Every line below must be reproduced exactly. Copy them all.

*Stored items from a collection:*
# # # # #
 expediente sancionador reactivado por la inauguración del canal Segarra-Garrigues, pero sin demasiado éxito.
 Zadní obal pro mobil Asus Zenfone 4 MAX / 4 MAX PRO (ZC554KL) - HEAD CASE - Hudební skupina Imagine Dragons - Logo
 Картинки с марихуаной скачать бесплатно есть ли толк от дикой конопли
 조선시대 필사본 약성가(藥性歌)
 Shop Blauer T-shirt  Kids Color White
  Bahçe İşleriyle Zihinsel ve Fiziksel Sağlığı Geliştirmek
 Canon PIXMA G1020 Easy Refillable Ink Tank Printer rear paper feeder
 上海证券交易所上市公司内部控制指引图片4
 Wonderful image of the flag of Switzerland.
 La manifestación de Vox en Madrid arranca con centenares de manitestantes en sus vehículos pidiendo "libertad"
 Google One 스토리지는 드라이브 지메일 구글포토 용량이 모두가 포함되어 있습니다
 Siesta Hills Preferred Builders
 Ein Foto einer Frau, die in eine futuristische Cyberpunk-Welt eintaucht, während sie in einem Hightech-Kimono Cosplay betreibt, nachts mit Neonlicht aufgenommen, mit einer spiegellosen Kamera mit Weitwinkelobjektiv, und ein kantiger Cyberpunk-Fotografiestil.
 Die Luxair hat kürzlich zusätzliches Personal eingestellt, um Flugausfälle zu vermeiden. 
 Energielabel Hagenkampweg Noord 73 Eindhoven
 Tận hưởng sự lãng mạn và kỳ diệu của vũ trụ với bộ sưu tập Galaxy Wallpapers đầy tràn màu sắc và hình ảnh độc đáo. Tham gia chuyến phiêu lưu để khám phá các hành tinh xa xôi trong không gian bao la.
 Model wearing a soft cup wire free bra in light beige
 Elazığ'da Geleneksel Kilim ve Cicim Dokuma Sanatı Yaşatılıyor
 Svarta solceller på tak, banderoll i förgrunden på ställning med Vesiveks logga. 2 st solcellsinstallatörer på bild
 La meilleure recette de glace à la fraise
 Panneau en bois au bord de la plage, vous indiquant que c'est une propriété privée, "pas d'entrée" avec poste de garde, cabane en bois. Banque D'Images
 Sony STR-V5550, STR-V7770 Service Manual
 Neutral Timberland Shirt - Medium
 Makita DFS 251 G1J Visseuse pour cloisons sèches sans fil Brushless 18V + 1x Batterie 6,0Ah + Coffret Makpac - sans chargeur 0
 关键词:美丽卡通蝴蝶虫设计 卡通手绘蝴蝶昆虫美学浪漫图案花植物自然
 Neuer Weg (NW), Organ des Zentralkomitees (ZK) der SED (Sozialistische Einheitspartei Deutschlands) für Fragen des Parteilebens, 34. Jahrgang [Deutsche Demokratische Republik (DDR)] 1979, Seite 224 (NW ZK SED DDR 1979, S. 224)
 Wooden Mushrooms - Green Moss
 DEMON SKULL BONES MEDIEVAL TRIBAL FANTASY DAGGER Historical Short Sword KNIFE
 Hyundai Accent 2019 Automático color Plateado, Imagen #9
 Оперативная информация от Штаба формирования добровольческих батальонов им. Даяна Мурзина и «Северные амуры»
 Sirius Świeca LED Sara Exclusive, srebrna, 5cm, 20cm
# # # # #
*Response:*
 expediente sancionador reactivado por la inauguración del canal Segarra-Garrigues, pero sin demasiado éxito.
 Zadní obal pro mobil Asus Zenfone 4 MAX / 4 MAX PRO (ZC554KL) - HEAD CASE - Hudební skupina Imagine Dragons - Logo
 Картинки с марихуаной скачать бесплатно есть ли толк от дикой конопли
 조선시대 필사본 약성가(藥性歌)
 Shop Blauer T-shirt  Kids Color White
  Bahçe İşleriyle Zihinsel ve Fiziksel Sağlığı Geliştirmek
 Canon PIXMA G1020 Easy Refillable Ink Tank Printer rear paper feeder
 上海证券交易所上市公司内部控制指引图片4
 Wonderful image of the flag of Switzerland.
 La manifestación de Vox en Madrid arranca con centenares de manitestantes en sus vehículos pidiendo "libertad"
 Google One 스토리지는 드라이브 지메일 구글포토 용량이 모두가 포함되어 있습니다
 Siesta Hills Preferred Builders
 Ein Foto einer Frau, die in eine futuristische Cyberpunk-Welt eintaucht, während sie in einem Hightech-Kimono Cosplay betreibt, nachts mit Neonlicht aufgenommen, mit einer spiegellosen Kamera mit Weitwinkelobjektiv, und ein kantiger Cyberpunk-Fotografiestil.
 Die Luxair hat kürzlich zusätzliches Personal eingestellt, um Flugausfälle zu vermeiden. 
 Energielabel Hagenkampweg Noord 73 Eindhoven
 Tận hưởng sự lãng mạn và kỳ diệu của vũ trụ với bộ sưu tập Galaxy Wallpapers đầy tràn màu sắc và hình ảnh độc đáo. Tham gia chuyến phiêu lưu để khám phá các hành tinh xa xôi trong không gian bao la.
 Model wearing a soft cup wire free bra in light beige
 Elazığ'da Geleneksel Kilim ve Cicim Dokuma Sanatı Yaşatılıyor
 Svarta solceller på tak, banderoll i förgrunden på ställning med Vesiveks logga. 2 st solcellsinstallatörer på bild
 La meilleure recette de glace à la fraise
 Panneau en bois au bord de la plage, vous indiquant que c'est une propriété privée, "pas d'entrée" avec poste de garde, cabane en bois. Banque D'Images
 Sony STR-V5550, STR-V7770 Service Manual
 Neutral Timberland Shirt - Medium
 Makita DFS 251 G1J Visseuse pour cloisons sèches sans fil Brushless 18V + 1x Batterie 6,0Ah + Coffret Makpac - sans chargeur 0
 关键词:美丽卡通蝴蝶虫设计 卡通手绘蝴蝶昆虫美学浪漫图案花植物自然
 Neuer Weg (NW), Organ des Zentralkomitees (ZK) der SED (Sozialistische Einheitspartei Deutschlands) für Fragen des Parteilebens, 34. Jahrgang [Deutsche Demokratische Republik (DDR)] 1979, Seite 224 (NW ZK SED DDR 1979, S. 224)
 Wooden Mushrooms - Green Moss
 DEMON SKULL BONES MEDIEVAL TRIBAL FANTASY DAGGER Historical Short Sword KNIFE
 Hyundai Accent 2019 Automático color Plateado, Imagen #9
 Оперативная информация от Штаба формирования добровольческих батальонов им. Даяна Мурзина и «Северные амуры»
 Sirius Świeca LED Sara Exclusive, srebrna, 5cm, 20cm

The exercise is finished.